There is enough there to cheer any environmentally conscious individual. What's a bit surprising is the use of LTE. In many cases, M2M applications utilize slower networks simply because the data is not time-sensitive and the amount-readings and off/on commands-can be handled without employing the speed of 4G. It's unclear why Duke and Verizon Wireless went in this direction. The project was announced in conjunction with the Clinton Global Initiative, so it is possible that Verizon wants its nascent LTE service to benefit from the exposure.
Envision Charlotte isn't the only recent smart grid news. Last month, Southern California Edison deployed two data warehouse appliances from Teradata to store and serve data serving residential smart grid meters. The story notes that late last year Pike Research pegged the value of just the data analytics portion of the smart market at $4.2 billion by 2015, so many more deals are ahead.
Another recent piece of news came from IBM, though Big Blue's initiative moves beyond the bounds of smart grid itself. The release says that it focuses on water, energy management, buildings and other infrastructure elements, and uses sensors, smart grid networks, RFID tags and-like in Charlotte-4G. Initial work will be done with the Cape Fear (NC) Public Utility Authority, the City of Waterloo (Ontario), the District of Columbia Water and Sewer Authority, McMaster University and the Swiss Federal Railways.

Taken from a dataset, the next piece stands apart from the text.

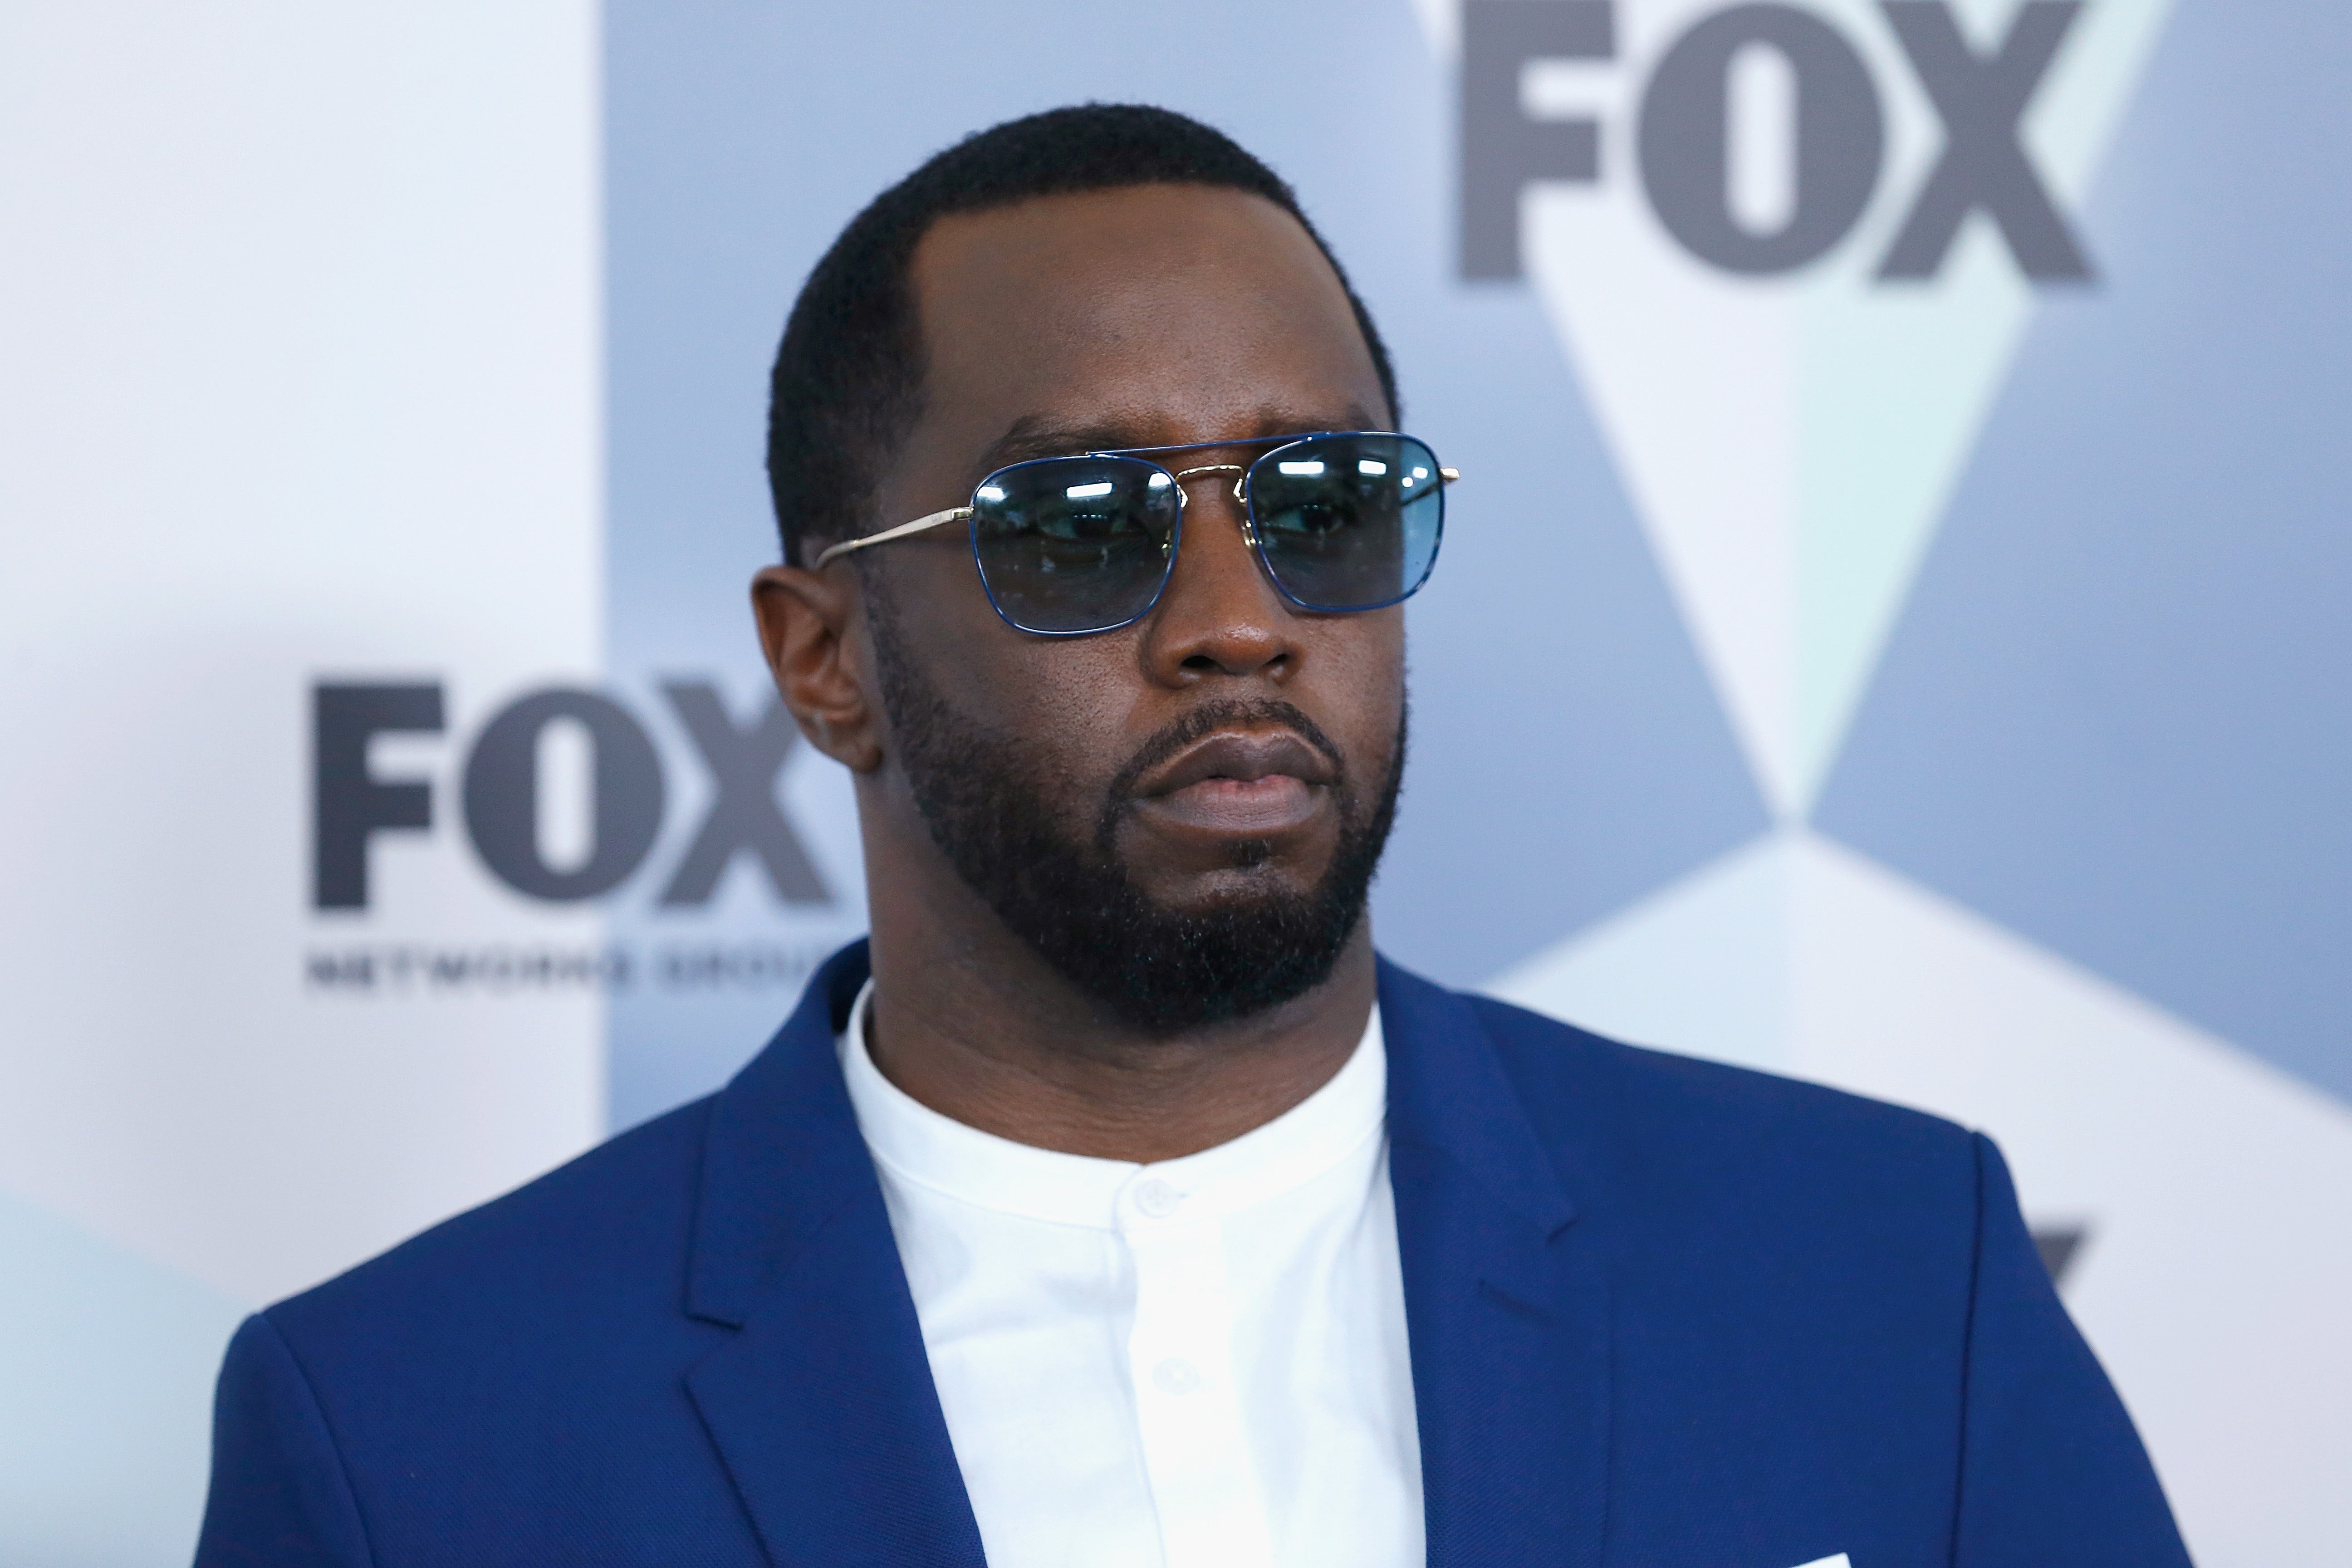 Sean ‘Diddy’ Combs reveals new middle name: 'Welcome to the Love Era'

Despite the deals, smart grid apparently can use some marketing help. Green Beat reports on the image problems the approach has encountered:
Consumers have sued PG&E and Oncor over smart meters that they felt overcharged them (both suits were found to be without merit). Consumers in Illinois have claimed smart meters cause headaches and impotency. Recently, protesters in California's West Marin County tried to block smart meter installers in an incident that resulted in two arrests. While there are plenty of industry watchers and executives who will say media reports of these snafus have blown the issue out of proportion, the incidents show there's sometimes tension between consumers and utilities when it comes to the smart grid.
A new approach, the story says, is to focus on the ways in which smart grid technology can improve consumers' lives. To date, one executive says, the main direct consumer benefit-saving some money on the power bill-hasn't proven sufficient to sway public opinion.